Natsume led us up through the monastery to a sparsely furnished suite of wood-floored rooms on the third floor, where he drew images in the air with his hands and conjured the Rila climb for us. Partly it was drawn direct from his memory as it now existed in the virtuality’s coding, but the data functions of the monastery allowed him to check the mapping against an objective real-time construct of Rila. His predictions turned out to be on the nail – the ripwing colonies had spread and the battlement flange had been modified, though the monastery’s datastack could offer no more than visual confirmation of this last. There was no way to tell what else was up there waiting for us.

‘But the bad news cuts both ways,’ he said, an animation in his voice that hadn’t been there before he started sketching the route. ‘That flange gets in their way as well. They can’t see down clearly, and the sensors get confused with the ripwing movement.’

I glanced at Brasil. No point in telling Natsume what he didn’t need to know – that the Crags’ sensor net was the least of our worries.

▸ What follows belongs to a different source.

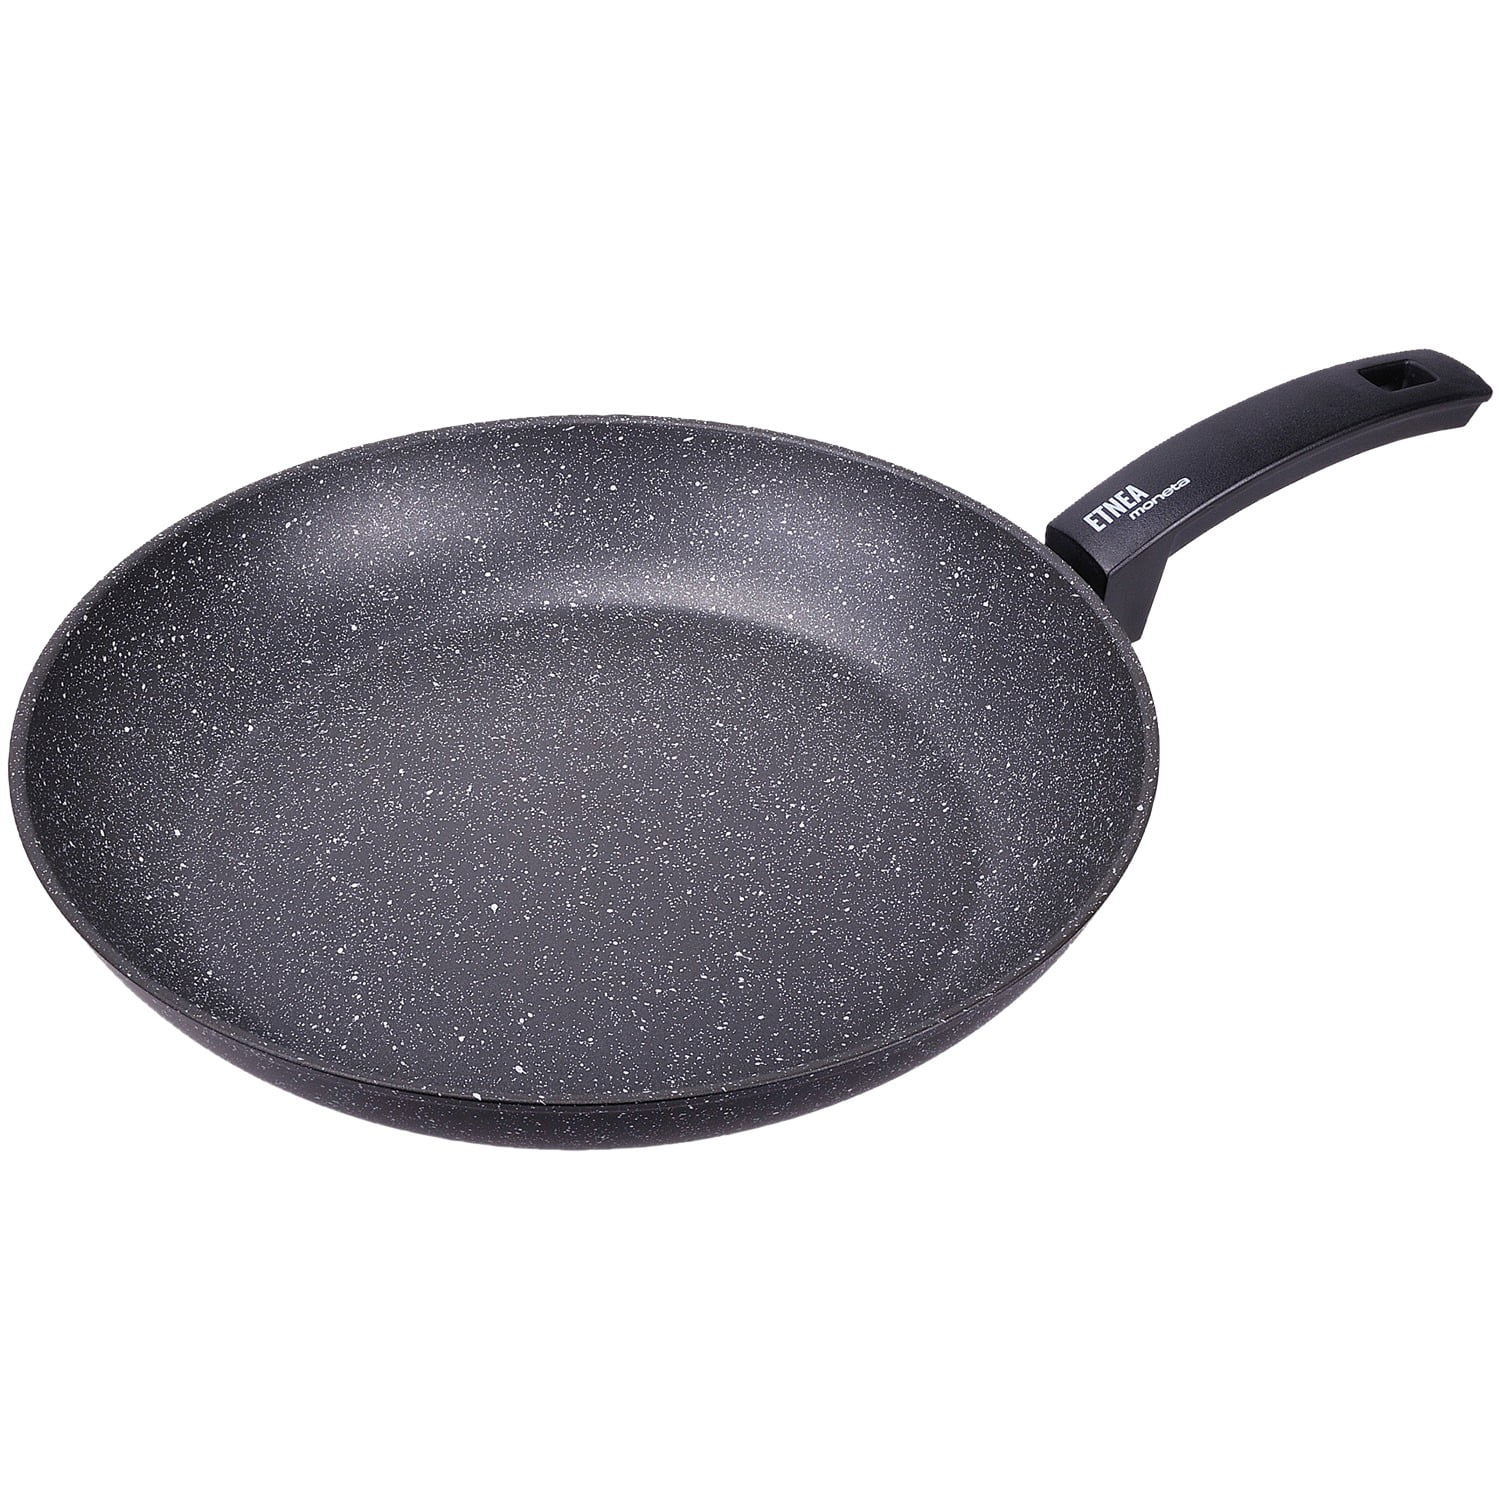  Onyx Cookware Padelle

‘Over in New Kanagawa,’ I said instead, ‘I heard they’re wiring ripwings with microcam systems. Training them too. Any truth in that?’

He snorted.

‘Yeah, they were saying the same thing a hundred and fifty years ago. It was paranoid crabshit then, and I guess it still is now. What’s the point of a microcam in a ripwing? They never go near human habitation if they can avoid it. And from what I recall of the studies done, they don’t domesticate or train easily. Plus more than likely the orbitals would spot the wiring and shoot them down on the wing.’ He gave me an unpleasant grin, not one from the Renouncer monk serenity suite. ‘Believe me, you’ve got quite enough to worry about climbing through a colony of wild ripwings, never mind some sort of domesticated cyborg variety.’

‘Right. Thanks. Any other helpful tips?’

He shrugged. ‘Yeah. Don’t fall off.’

But there was a look in his eyes that belied the laconic detachment he affected and later, as he uploaded the data for outside collection, he was quiet in a tightened way that had none of his previous monkish calm to it. When he led us back down through the monastery, he didn’t speak at all. Brasil’s visit had ruffled him like spring breezes coming in across the carp lakes in Danchi. Now, beneath the rippled surface, powerful forms flexed restlessly back and forth. When we reached the entrance hall, he turned to Brasil and started speaking, awkwardly.